[Dataset section]
----------------------------------------

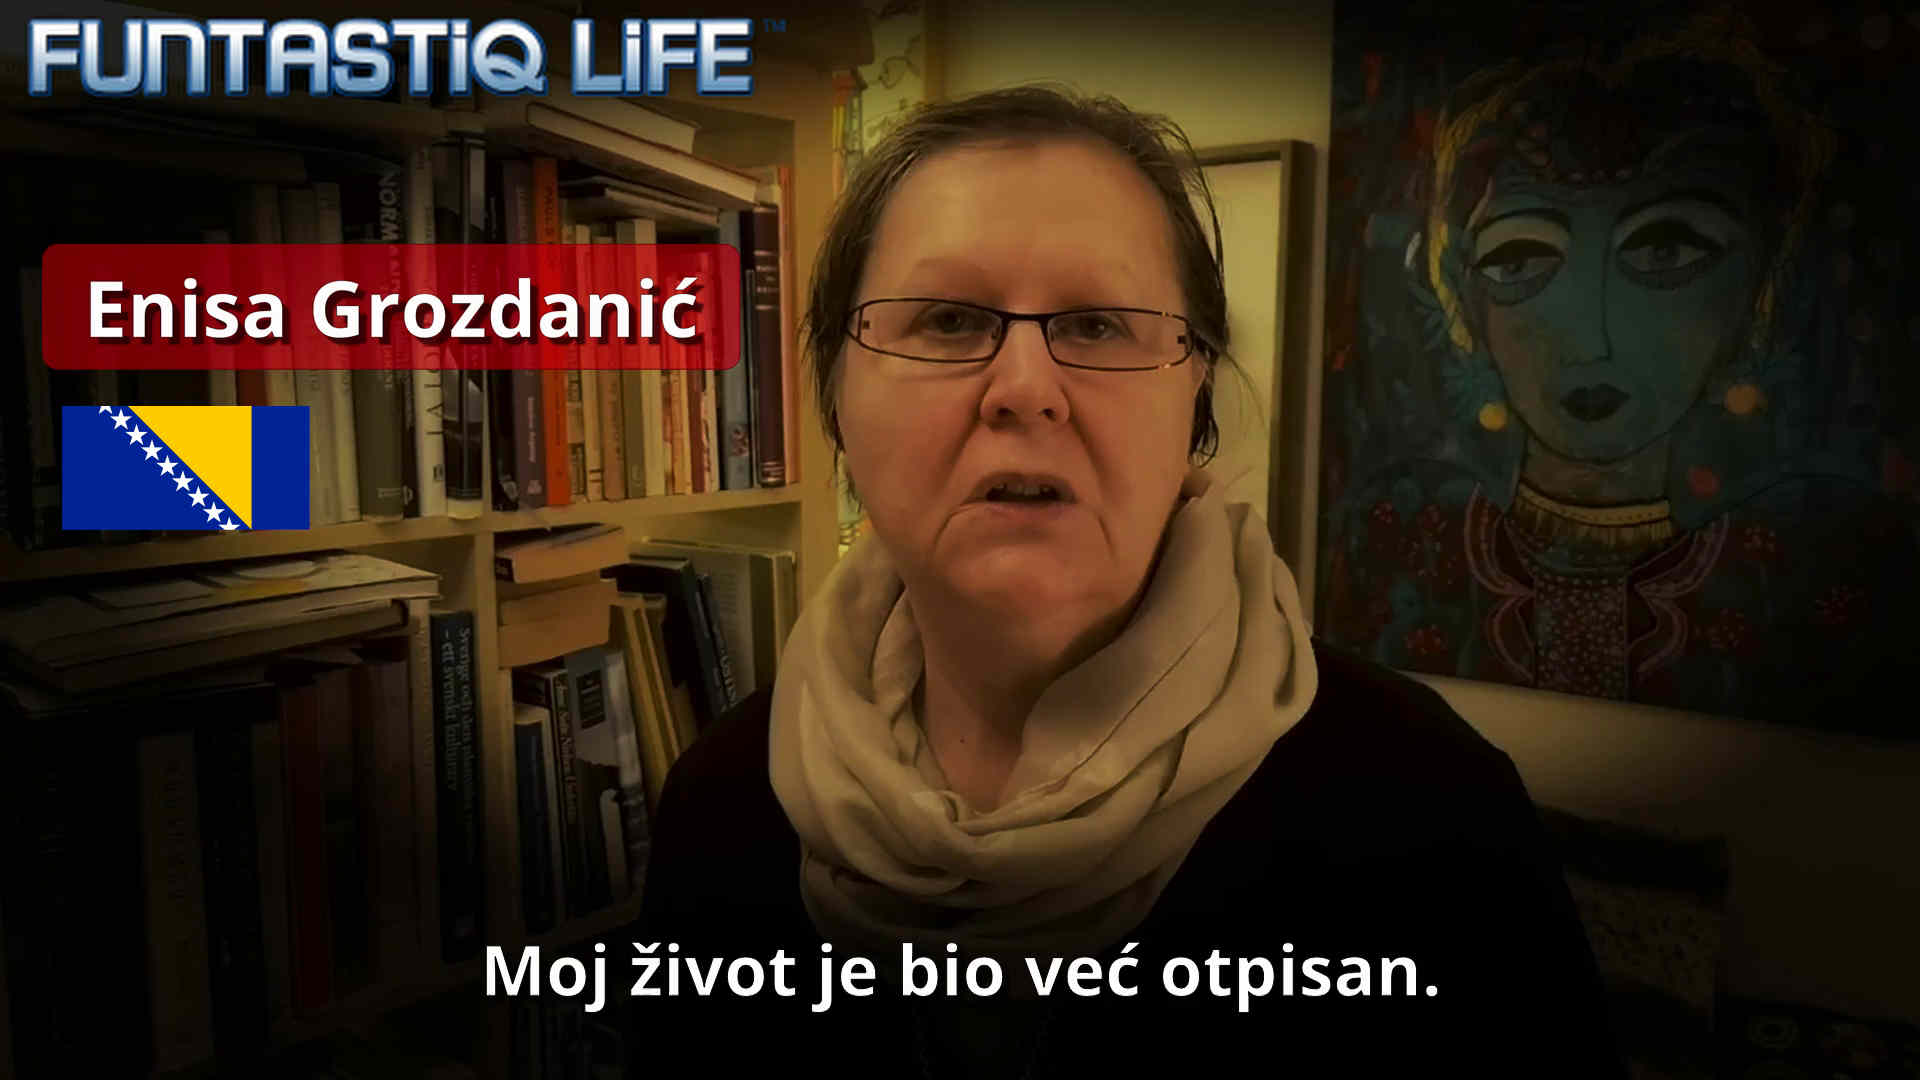 Enisa Grozdanić, spašena od smrti diabetesa u zadnjih trenutak
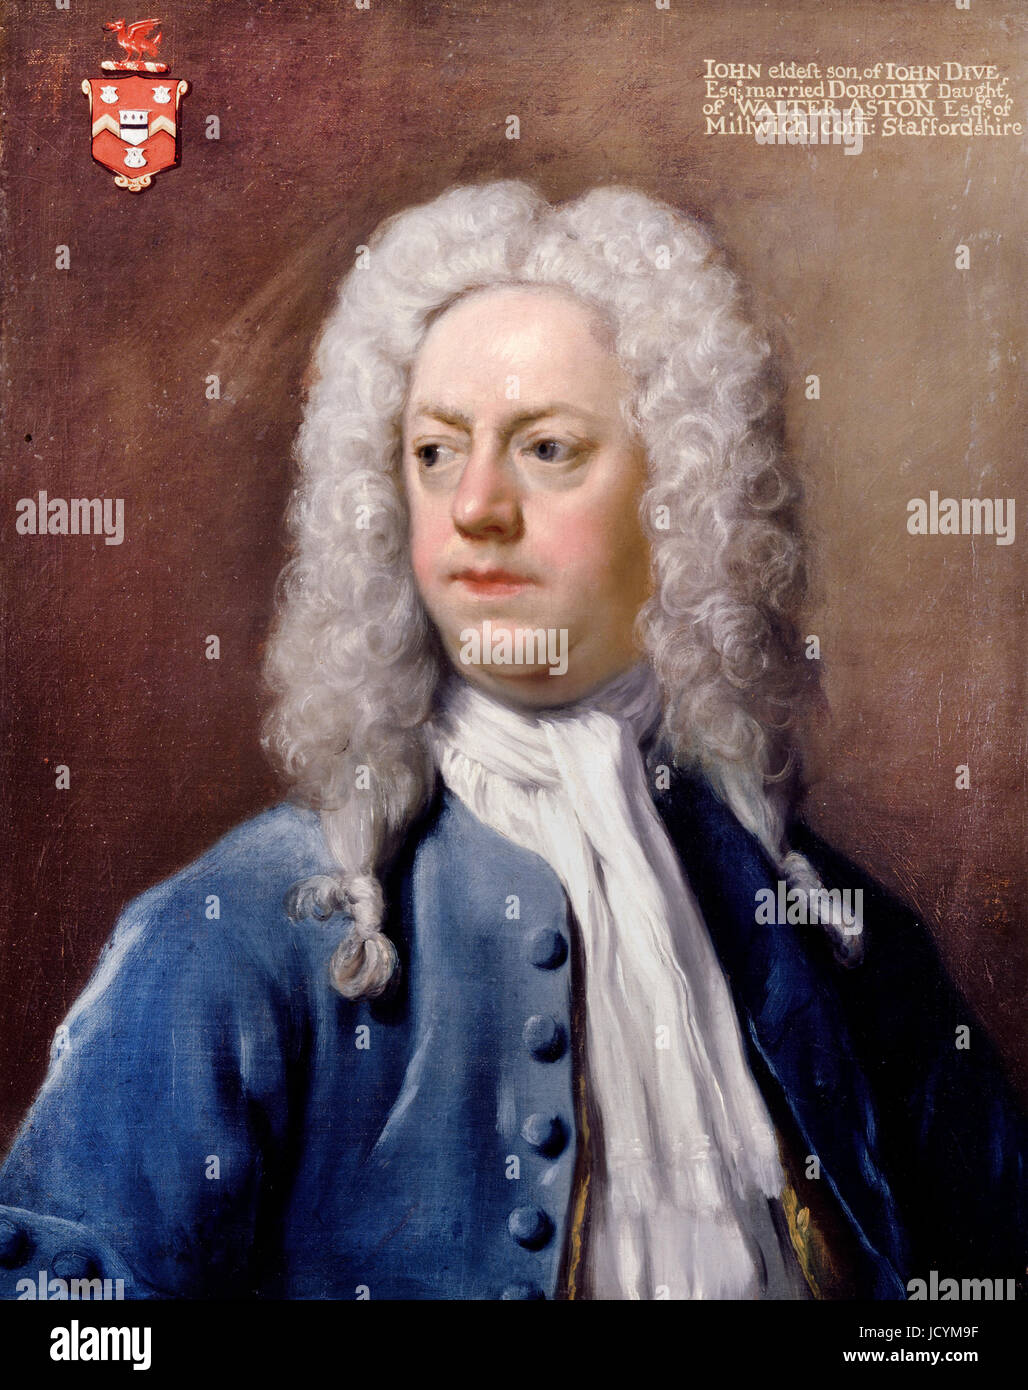 Hans Hysing, John Dive. Circa 1730. Olio su tela. Dulwich Picture Gallery di Londra, Inghilterra. Foto Stock
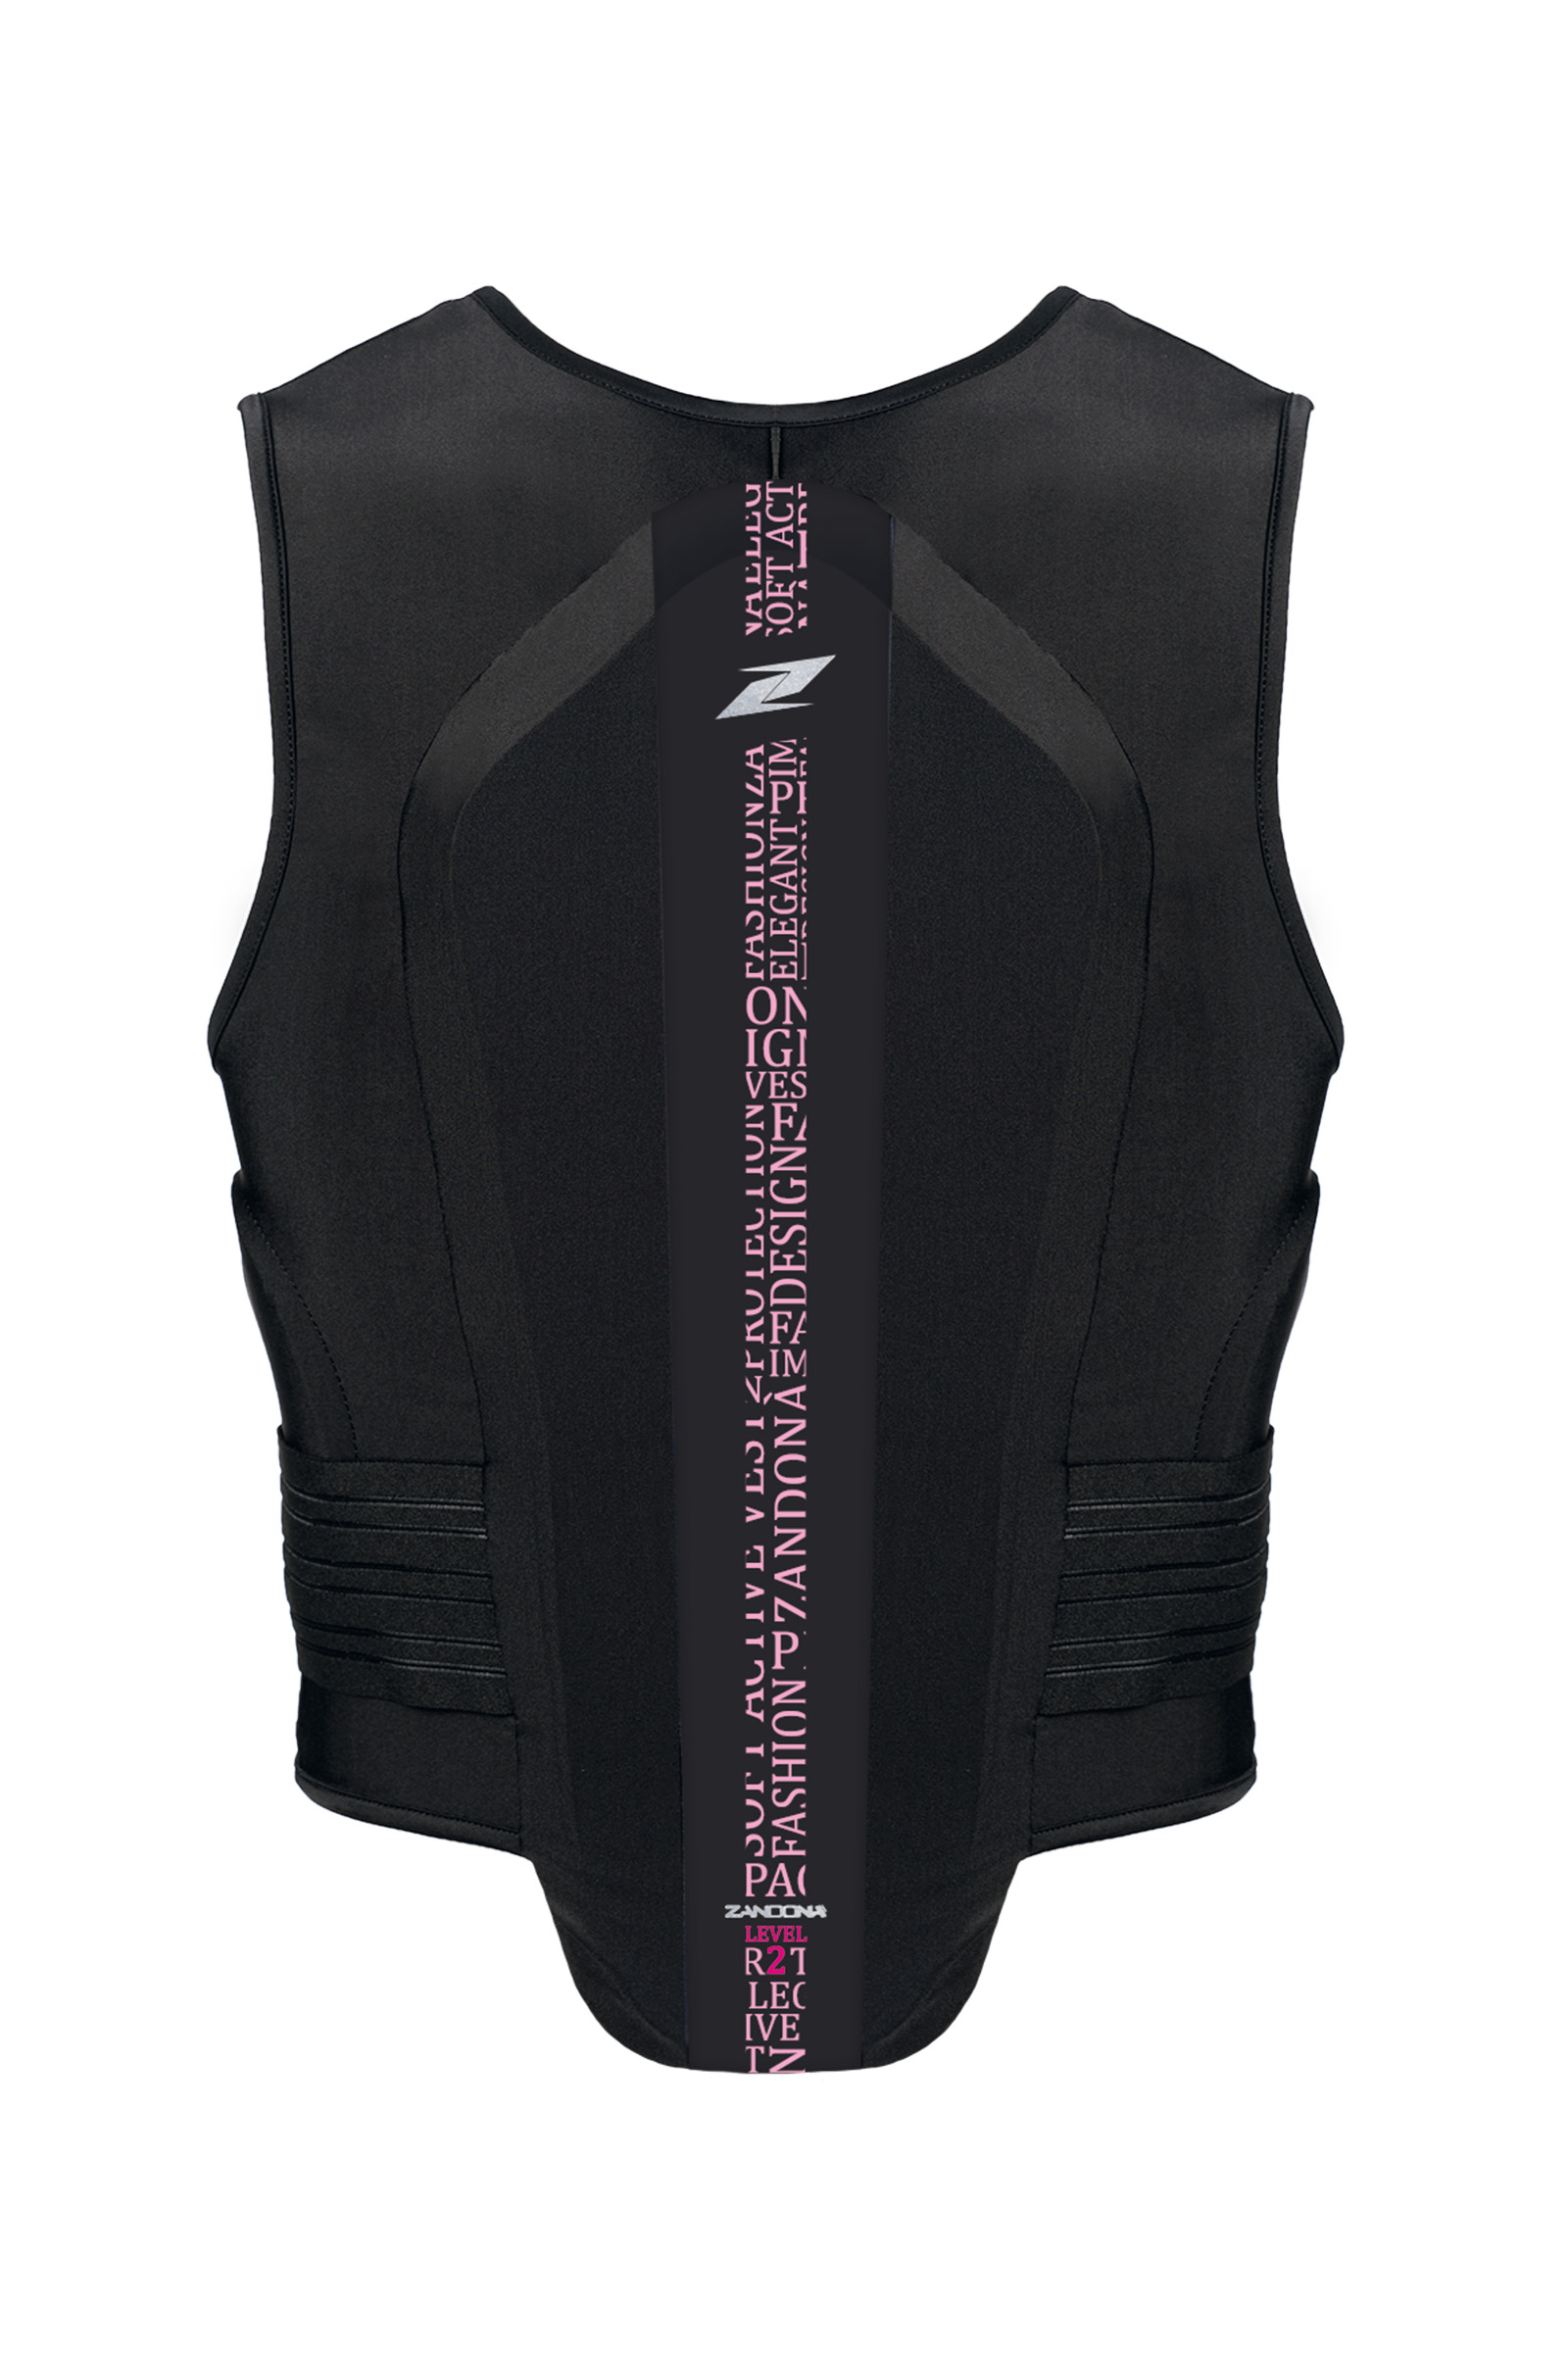 x6 Back Soft Buy (158-167cm) Protector Vest Pro Zandona
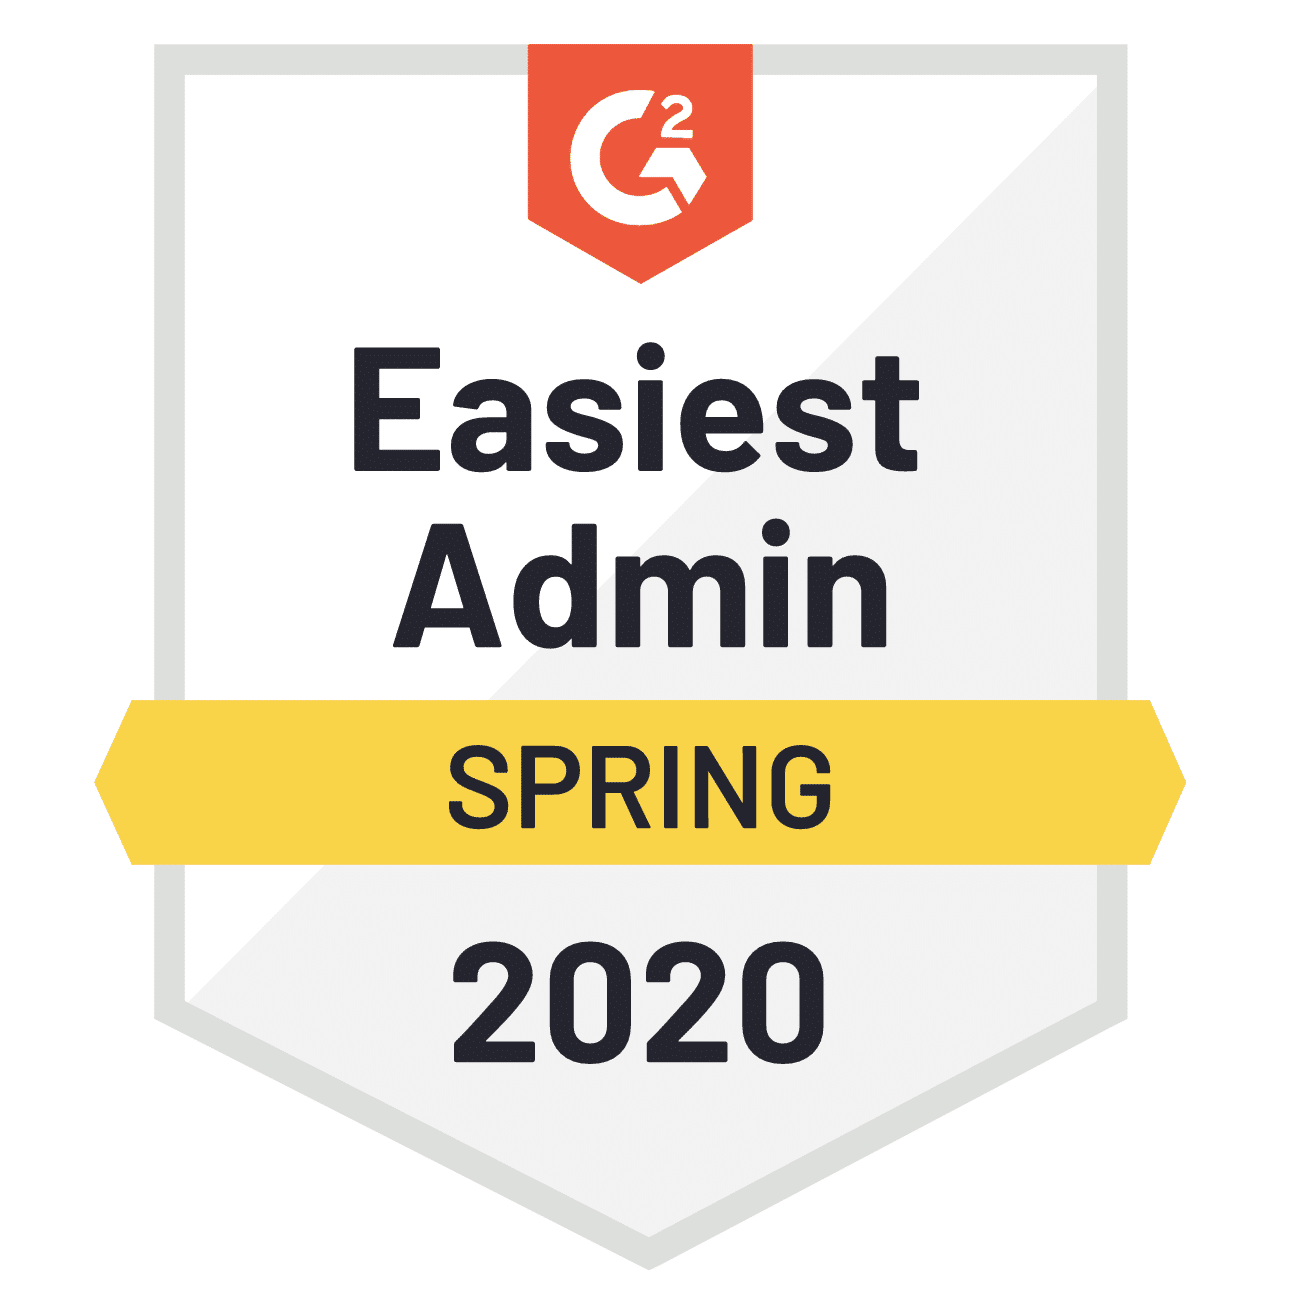 Premio G2 Easiest Admin Primavera 2020

----------------------------------------

[Your task] Word for word, reproduce all of the data, but keep out the pictures.

[Task output]
 Enisa Grozdanić, spašena od smrti diabetesa u zadnjih trenutak
 Hans Hysing, John Dive. Circa 1730. Olio su tela. Dulwich Picture Gallery di Londra, Inghilterra. Foto Stock
 x6 Back Soft Buy (158-167cm) Protector Vest Pro Zandona
 Premio G2 Easiest Admin Primavera 2020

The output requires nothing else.